Ms. Strom married an Army veteran in California in the 1940s. But when they found out her husband's father had cancer, they moved to Seattle, Wash., to be with him. In a time of job strikes and budget cuts, Ms. Strom and her husband were given the opportunity to work for Boeing, an industry that produces aircraft for the United States military. It was in 1952, during the Cold War.

Ultimately, Ms. Strom was assigned to file and delete airplane blueprints, specifically for the B-52H Stratofortress, which was a new airplane not yet introduced into the Air Force.

She said she worked in an area that was "stacked up with filing cabinets" and contained several million blueprint files, all designated to the B-52 alone.
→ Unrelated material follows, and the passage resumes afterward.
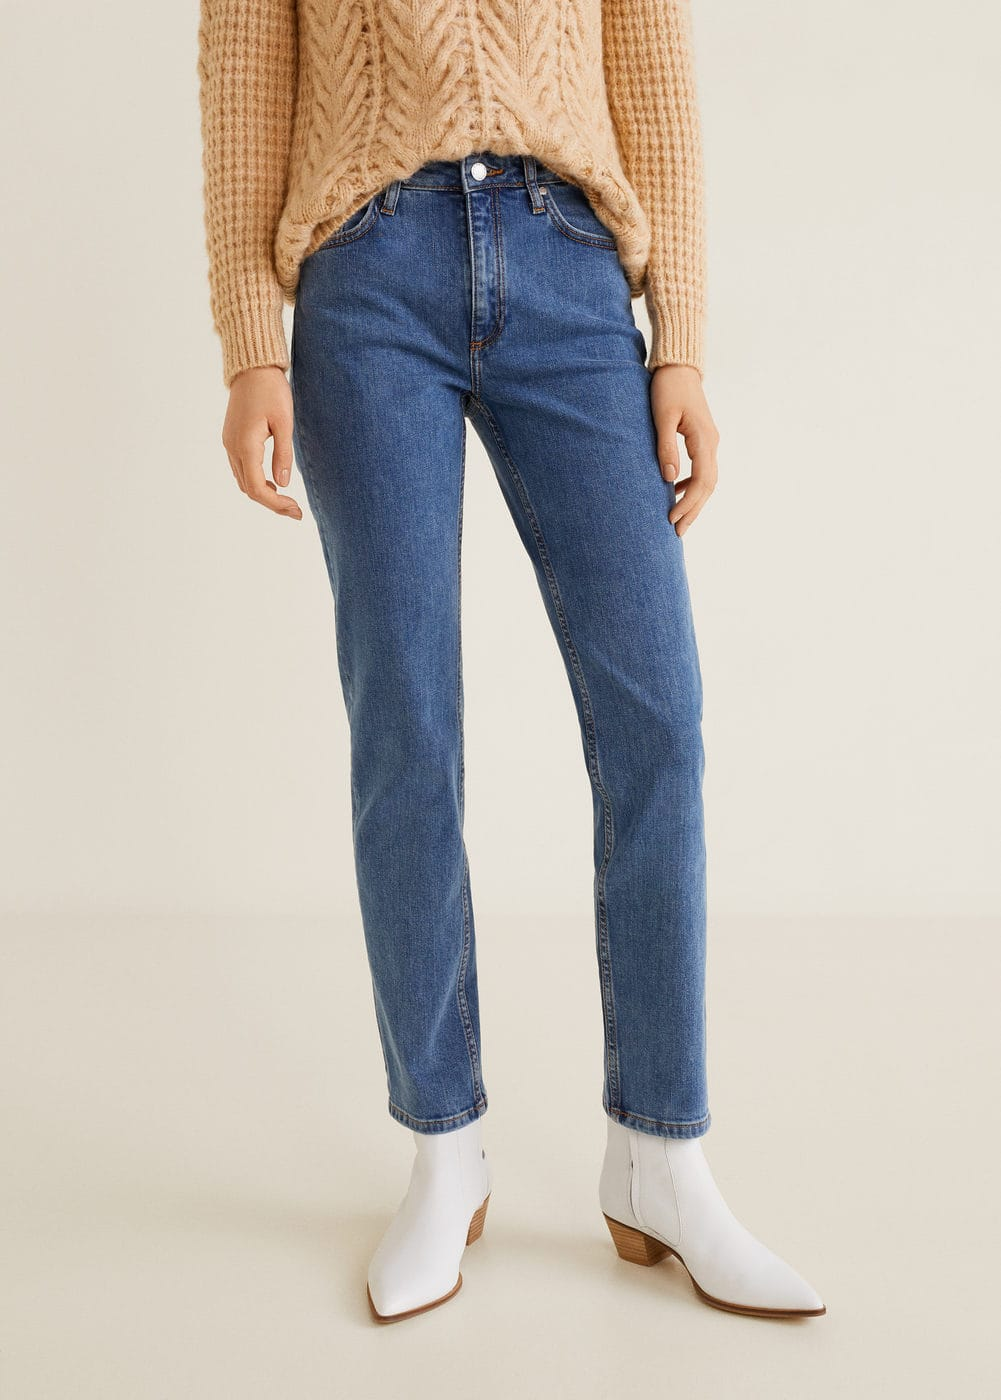 Mango - Jeans straight Anna - 1

"They put me out in the hangar where they were building the B-52, so actually I got to see almost everything that they did," Ms. Strom said. "They would bring in this piece and that piece and put it together, sometimes it would fit; sometimes it wouldn't. They were picking up or returning all day long."

But she was never allowed to see what the plane actually looked like until it was finished. Everything was "secret," she said. Blueprints were folded up and numbered. When they came across her desk, Ms. Strom would mark off the number and then re-file the blueprint, without opening them up and looking at them. She said she handled about 1,000 blueprints each day.

"I think at that time it was one of the largest planes that they had ever built," Ms. Strom said.

Finally the day came for the first test flight of the B-52, now a crucial bomber aircraft in the Air Force.

"We didn't know until we went to work that day that they were going to do the test [flight]. It was that secret. It was just another day, another week, another month for us," Ms. Strom said.

In a strictly enforced orderly fashion, many employees gathered outside to see the B-52 take off and make its mark in history.

"We got to see it land. It was just awesome. It was, I think, the most exciting thing that has ever happened to me in my life," Ms. Strom said. "Boeing was quite large. The whole plant was out there to see all of this. Everybody was excited."

However, the rush and excitement came and went in a short time. In her mid-20s, Ms. Strom had no idea that watching the flight of the first B-52 was such a "spectacular" event.

"The excitement of seeing it in flight and everything was all over," she said. "We just had a job to do, and we just went back and did what we were supposed to do, not really thinking where this was going to go in the future."

Ms. Strom didn't take pictures, or get names, which is something she says she truly regrets. But now, at 83 years old, she will always have a memory of it in her mind.

"When I see them (B-52s) today, it makes me go back in time to think that I was in on the very first one. Later on, I realized that what I was part of was really something," Ms. Strom said. "There were a lot of memories; I'll never forget them."

Ms. Strom and Ms. Keasling have passed their military history on to the next generation -- their daughters working on Tinker. Gail Kulhavy, Ms. Strom's daughter, works in the 72nd Air Base Wing Communications Directorate. Ms. Keasling's daughter is Jan Young, who works in the 428th Supply Chain Management Squadron.